Right from the start, City pressed forward and were ahead inside ten minutes when the unmarked Griffiths headed a cross from the right home from six yards. I remarked last season about the impressive midfield axis of Sion Spence, Sam Bowen and Keenan Patten which the Under 18s could field, well they were all included yesterday and it was Bowen who doubled the lead on seventeen minutes with a shot from twenty five yards which seemed to get a couple of very slight touches on it’s way into the net.
Spence was next to score when he hit a shot which was either a very cute chip or a flukey miskick from ten yards which found it’s way past keeper Hallett and into the corner of the net with the game still in it’s first quarter.
Isaak Davies, playing wide on the left to accommodate Griffiths’ inclusion through the middle was having a very influential game and was involved again when Griffiths got his second with a firm close in header on the half hour mark.
The game was only thirty five minutes old when the scoring was completed as Davies skillfully controlled a long ball and fired past Hallett in the same movement for what I rated as the best of the five goals, but there was much to admire in the creation and execution of all of them.
Centreback Ryan Reynolds had a header cleared off the line and there could easily have been another goal for Davies before Colchester reached the interval probably feeling relieved that they were only five down.
It would be easy to say oh it was only Colchester, their senior side are in the Fourth Division and City should be beating teams like that 5-0. but they did reach the Quarter Finals of the FA Youth Cup last season and, in a much more even second half, there were more impressive runs by their right winger Todd Miller while they came closest to getting what would have been the second half’s only goal when a shot from the edge of the penalty area was deflected just wide with keeper George Ratcliffe helpless and they hit an upright from the resultant corner.
Spence had an effort turned around the post by Hallett, but City were unable to convert some fine approach play into further goals – truth be told, there was some self indulgence on the part of some as they ignored better placed colleagues to go for glory themselves, but that’s what you do when your seventeen and your 5-0 up, in fact, thinking about it, I was self indulgent when it was 0-0 when I was their age!
I’ll finish by mentioning something I heard from someone, presumably watching his boy play for Colchester, who was stood quite close to me when City were 1-0 up. From what he had said up until then, it was obvious this man knew what he was on about and that he was a regular watcher of football at this level.Indeed, by the time I moved to somewhere else at half time, I was fairly sure he must have played the game professionally at one time as well. Anyway, as City put together another smooth attack, he said “I do like watching Cardiff, they play the best football of any side in the league” – I came so close to blurting out “yeah, but you should see our first team”, but managed to bite my tongue!

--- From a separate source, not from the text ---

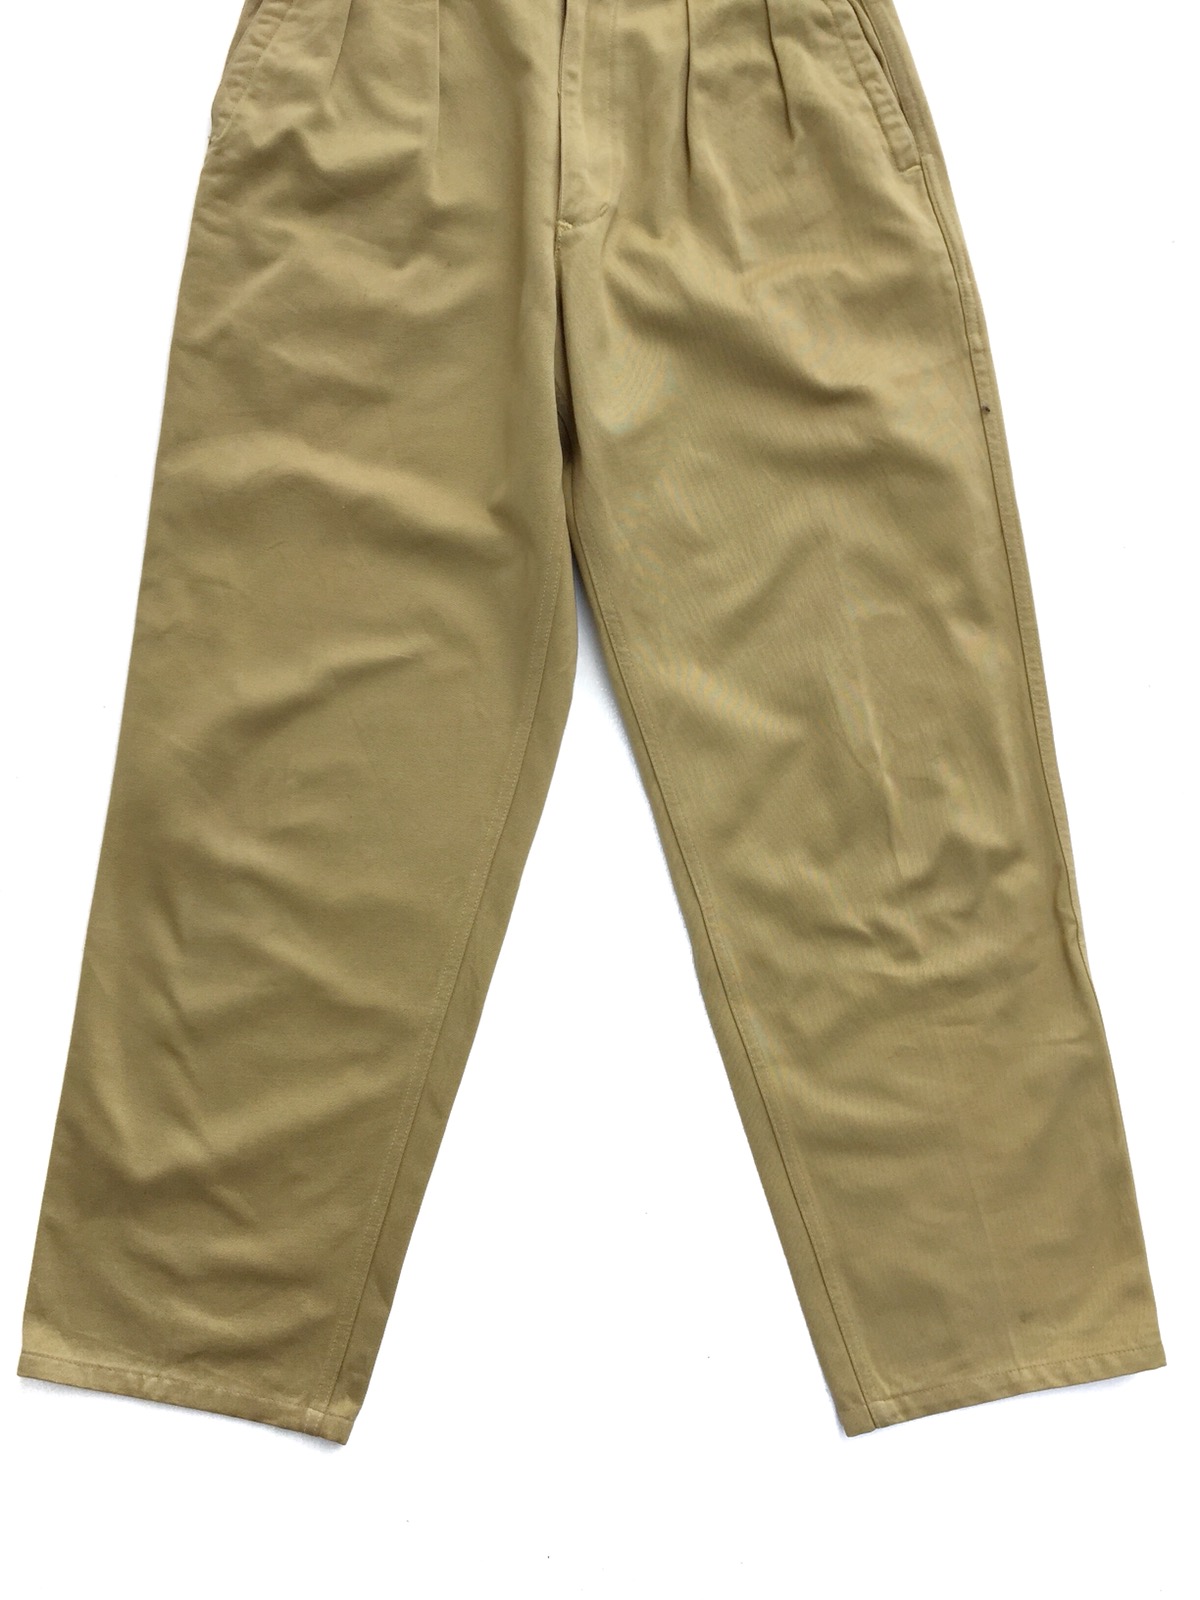 Nigel Cabourn Military Army Design Baggy Trousers Pants - 5

When you think about it though, if somebody who is watching another team can say that, it only increases the feeling of frustration that we have stopped producing our own first team players. There was some outstanding football played by our kids today and at a time when I’m sure the first team will be receiving criticism in the coming weeks for playing “hoofball”, they provided a couple of examples of glorious long passes, not whacks downfield, that produced goals -I’ve had high hopes for this group since I first saw them a couple of years ago when they were playing for the Under 16s and, although it’s too early to get too upbeat about their prospects for this season, they were very impressive yesterday.